The current release covers 2 of a planned 10 training phases. Remaining phases targeting reasoning, scientific knowledge, and multimodal understanding are in development. Benchmark improvements — particularly in MMMU — are expected in subsequent releases.
---
## NxG Model Family
|
**Released Models**
| Model | Parameters | Description |
|:------|:----------:|:------------|
| [Yuuki NxG Nano](https://huggingface.co/OpceanAI/Yuuki-NxG-Nano) | 81M | Lightweight, edge deployment |
| [Yuuki NxG](https://huggingface.co/OpceanAI/Yuuki-NxG) | 3B | General conversation |
| **Yuuki NxG VL** | **7B** | **Vision + text, current release** |
| OwO NxG | 32B | Omnireasoning — in development |
|
**Community GGUF (via mradermacher)**
Quantized independently without solicitation — organic community adoption prior to any formal announcement.
| Format | Size |
|:-------|:----:|
| Q2_K | 3.02 GB |
| Q4_K_M | 4.68 GB |
| Q8_0 | 8.10 GB |
| F16 | 15.2 GB |
Available at [mradermacher/Yuuki-NxG-vl-GGUF](https://huggingface.co/mradermacher/Yuuki-NxG-vl-GGUF).
|
---
## Limitations
**HellaSwag degradation.** Sentence-completion benchmarks are sensitive to conversational fine-tuning. HellaSwag performance (67.2%) is lower than the base model and larger models in this comparison. This is expected and consistent across all NxG releases.

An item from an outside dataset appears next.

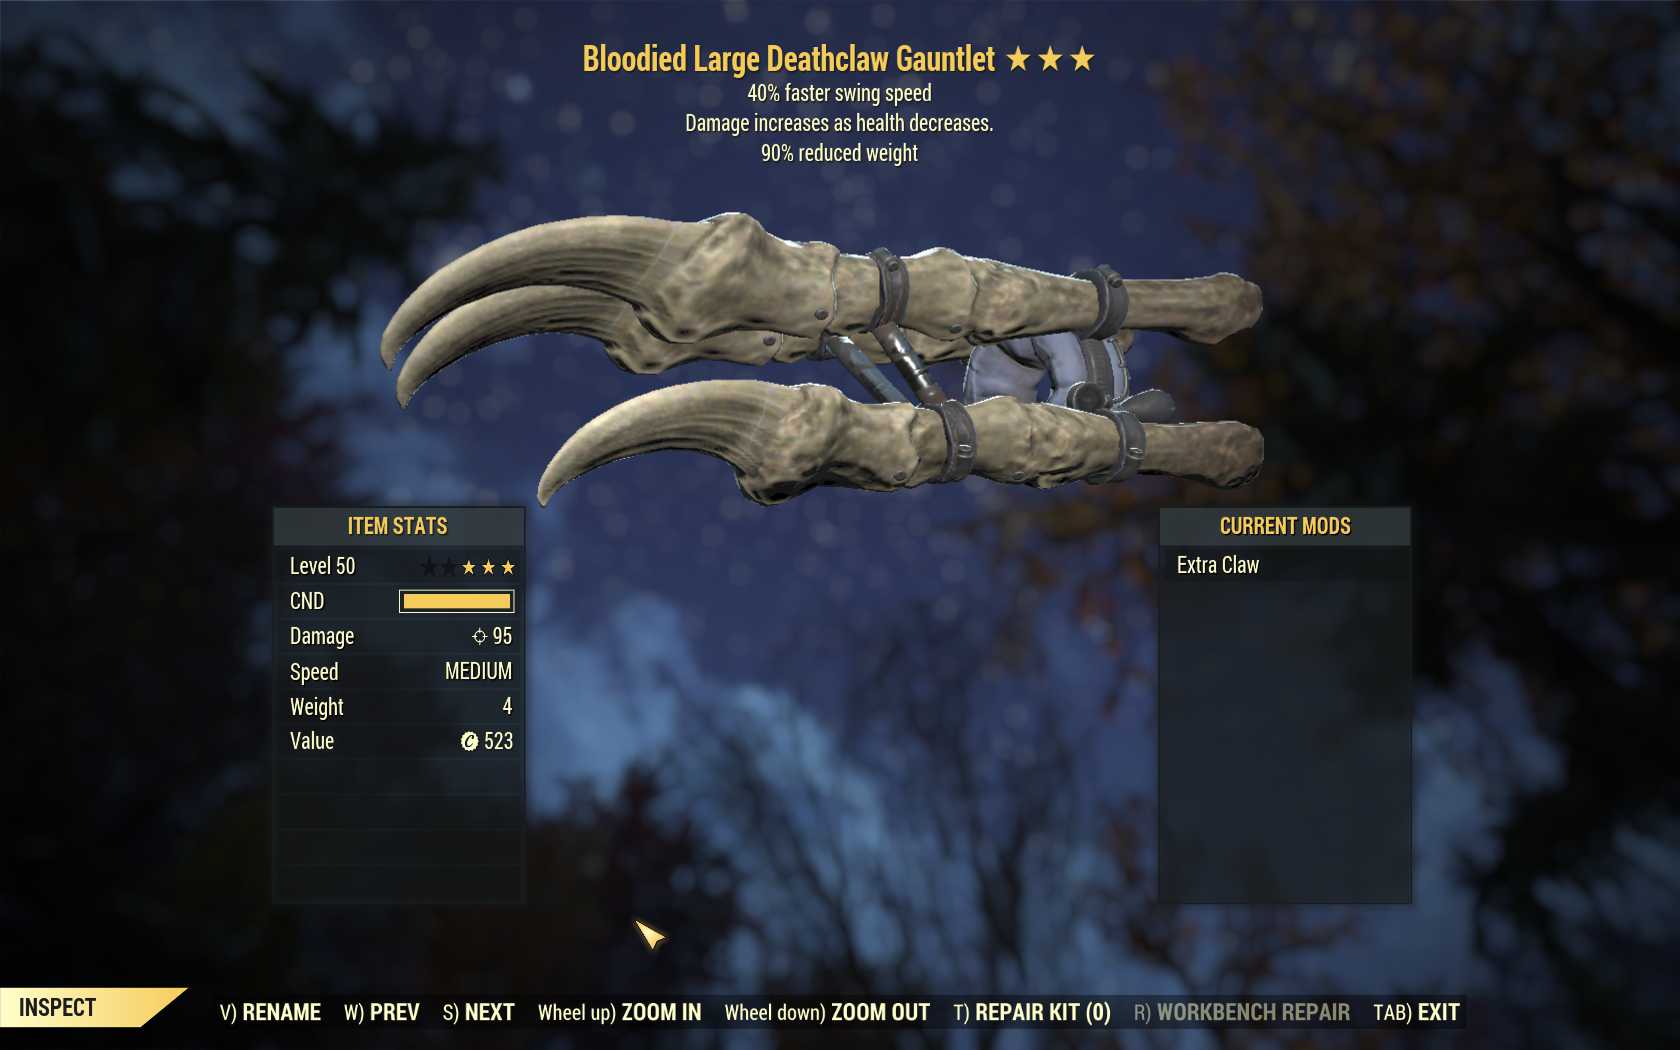 Bloodied Deathclaw Gauntlet (40% Faster Swing Speed, 90% reduced weight)
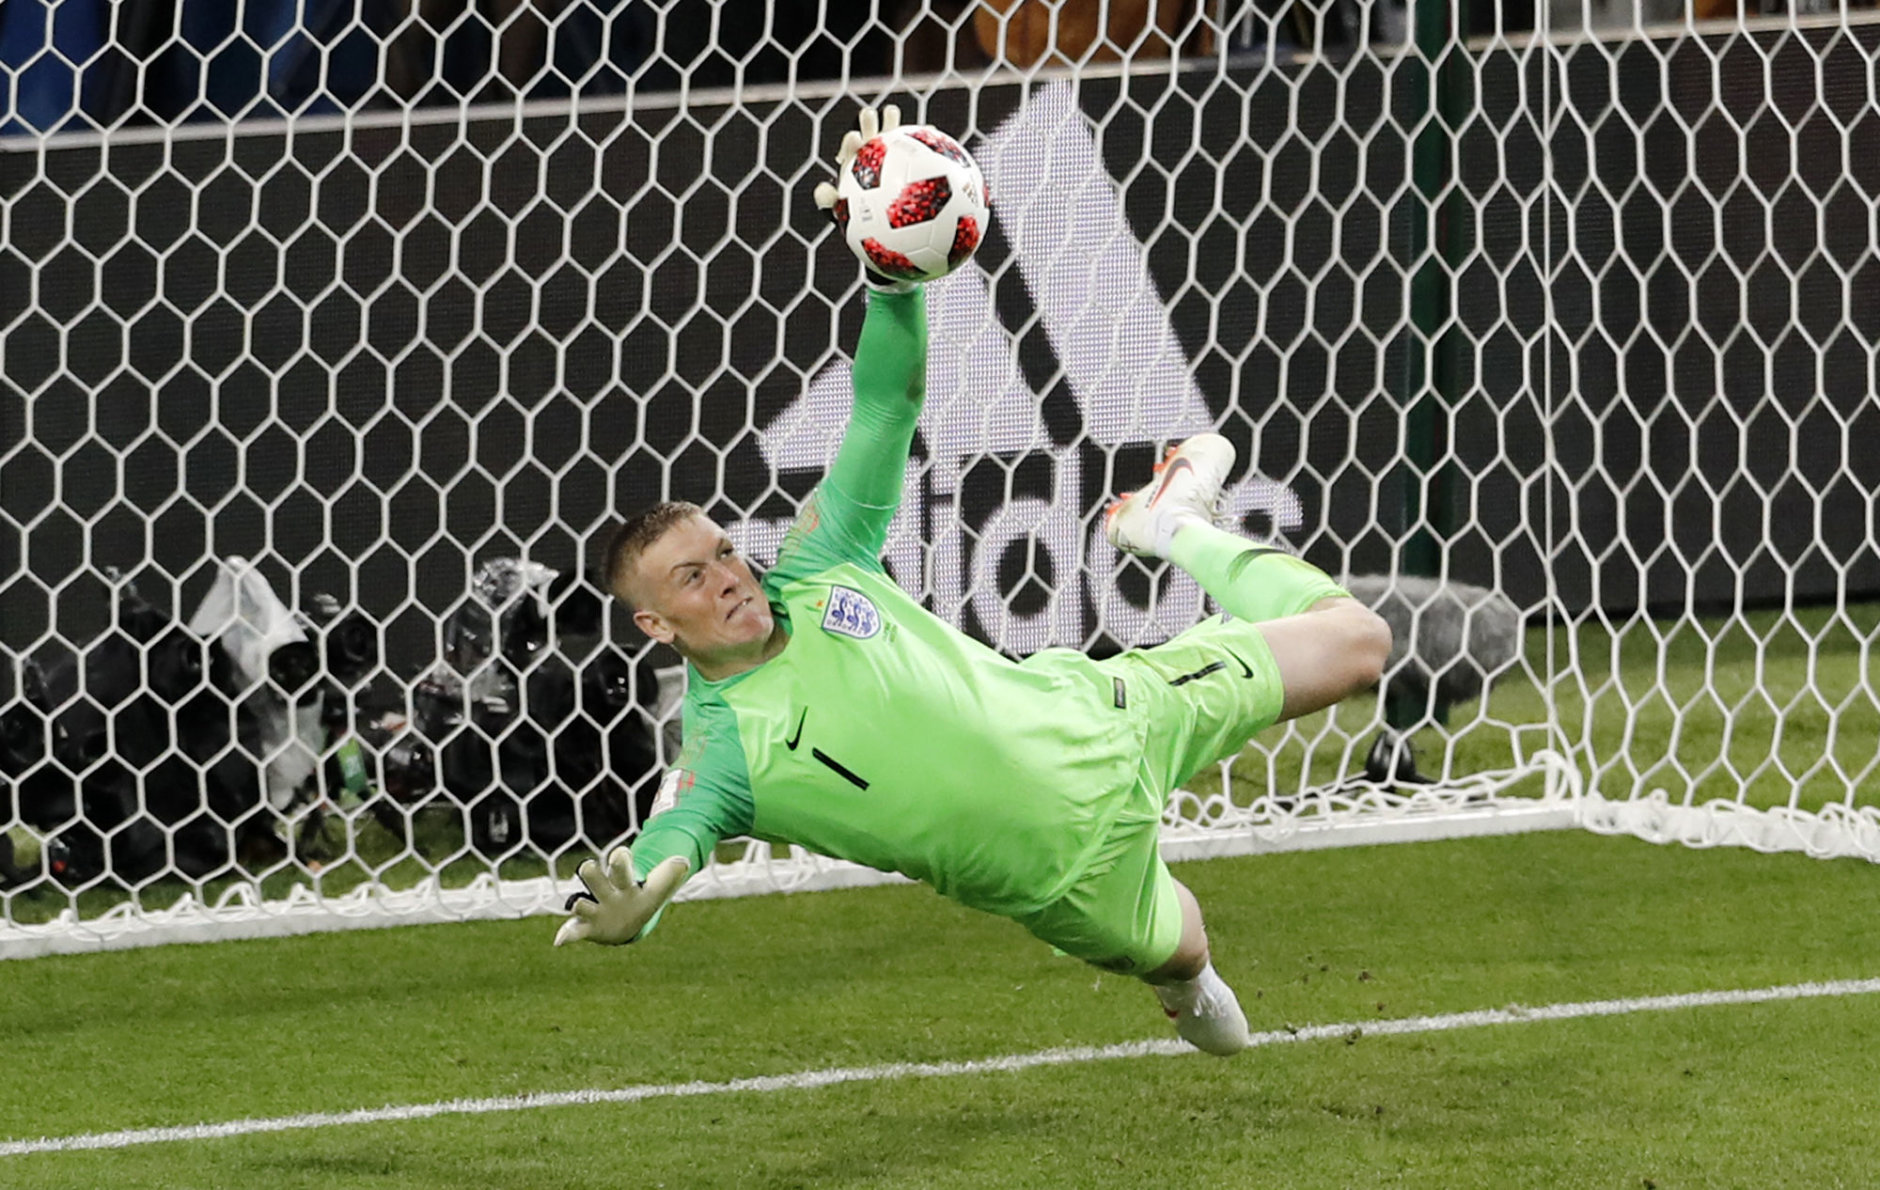 England goalkeeper Jordan Pickford stops a penalty shot from Colombia's Carlos Bacca during the round of 16 match between Colombia and England at the 2018 soccer World Cup in the Spartak Stadium, in Moscow, Russia, Tuesday, July 3, 2018. (AP Photo/Antonio Calanni)

**MMMU performance.** At 20.11% overall, the model does not perform well on university-level multimodal reasoning tasks. This reflects the absence of visual reasoning training phases in the current release, not a fundamental limitation of the architecture.
**Partial fine-tuning.** The current release covers 2 of 10 planned training phases. The model's benchmark profile represents an intermediate state in an ongoing development pipeline.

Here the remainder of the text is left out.